Abstract

A meta-analysis of 22 randomized trials accrued from 1964 to 1986 demonstrated significantly higher rates of locoregional failure (LRF) and breast-cancer mortality in women with 1-3 positive nodes without postmastectomy radiotherapy (PMRT) after mastectomy (mast.). Recent data demonstrate that PMRT reduces distant metastases (DM) in women with pN1 disease.

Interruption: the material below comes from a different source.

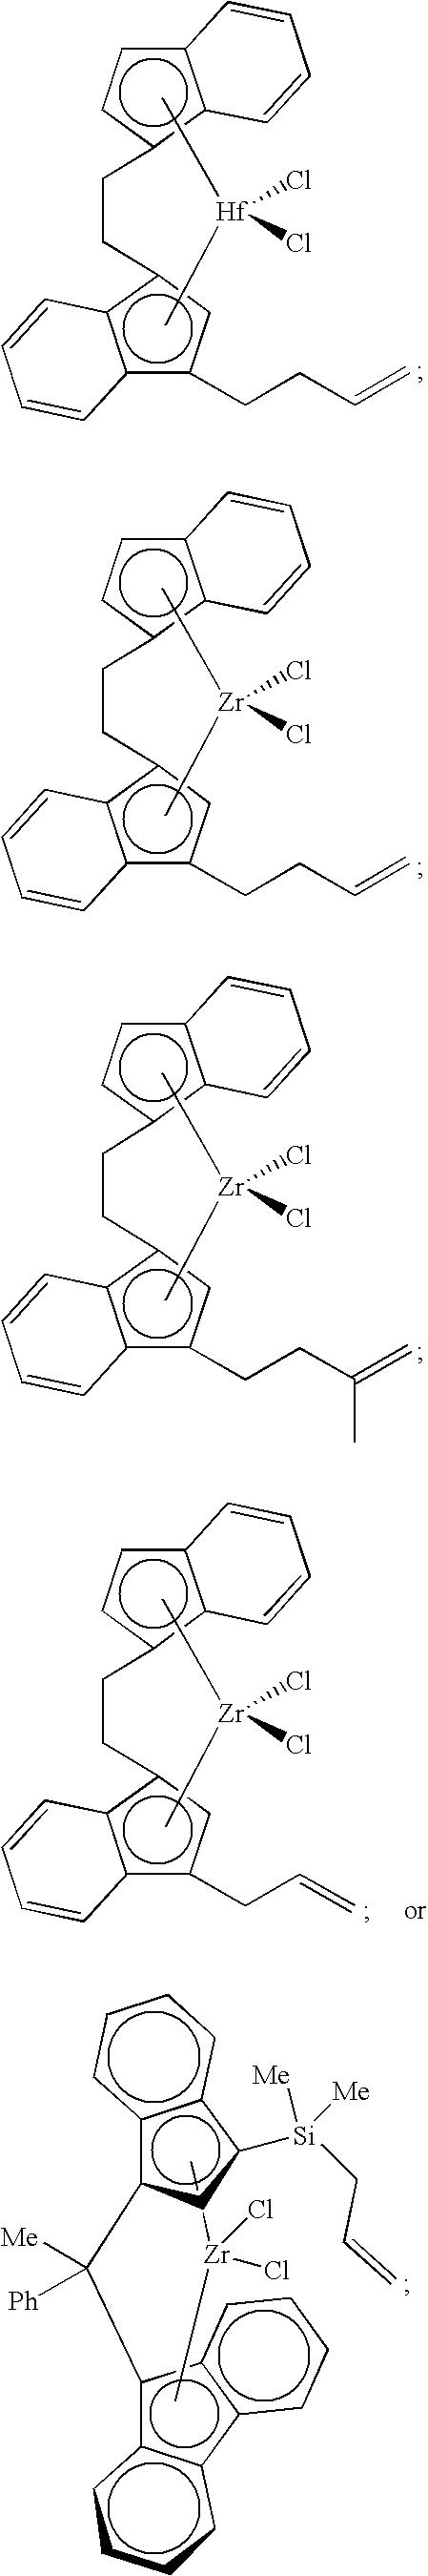 Figure US20100227989A1-20100909-C00004

The challenge today is whether all patients with pathologic T1-2pN1 disease have similar substantial LRF/DM risk that routinely warrants PMRT. We reviewed patients with pT1-2N1 breast cancer treated with mast. ± adjuvant systemic therapy without PMRT from 2000 to 2013. The endpoints were LRF and DM rates, estimated by cumulative incidence method. We identified 468 patients with median follow-up of 6.3years. Most (71%) were estrogen receptor/progesterone receptor + human epidermal growth factor receptor 2 (HER2). There were 269 patients with 1+ node, 140 patients with 2+ nodes, and 59 patients with 3+ nodes. The 6-year LRF/DM rates were 4.1%/8.4%. Patients with 1+, 2+, and 3+ nodes had 6-year LRF of 2.3, 5.1 and 8.9%, respectively (p = 0.13). The 6-year DM rate was higher in patients with 3+ nodes versus 1-2+ nodes: 15.7% versus 7.4% (p = 0.02). Several subgroups had low 6-year LRF and DM rates, including T1/1+ node (0.8%/4.1% LRF/DM) and micrometastases (0%/5.8% LRF/DM). Patients with pT1-2pN1 represent a heterogeneous group with a wide range of LRF/DM rates. In particular, patients with pT1 tumors and 1 + LN, and patients with micrometastases, had low event rates. These groups would derive small absolute reductions in LRF and DM with addition of PMRT, underscoring the importance of patient selection for PMRT in pT1-2pN1 breast cancer.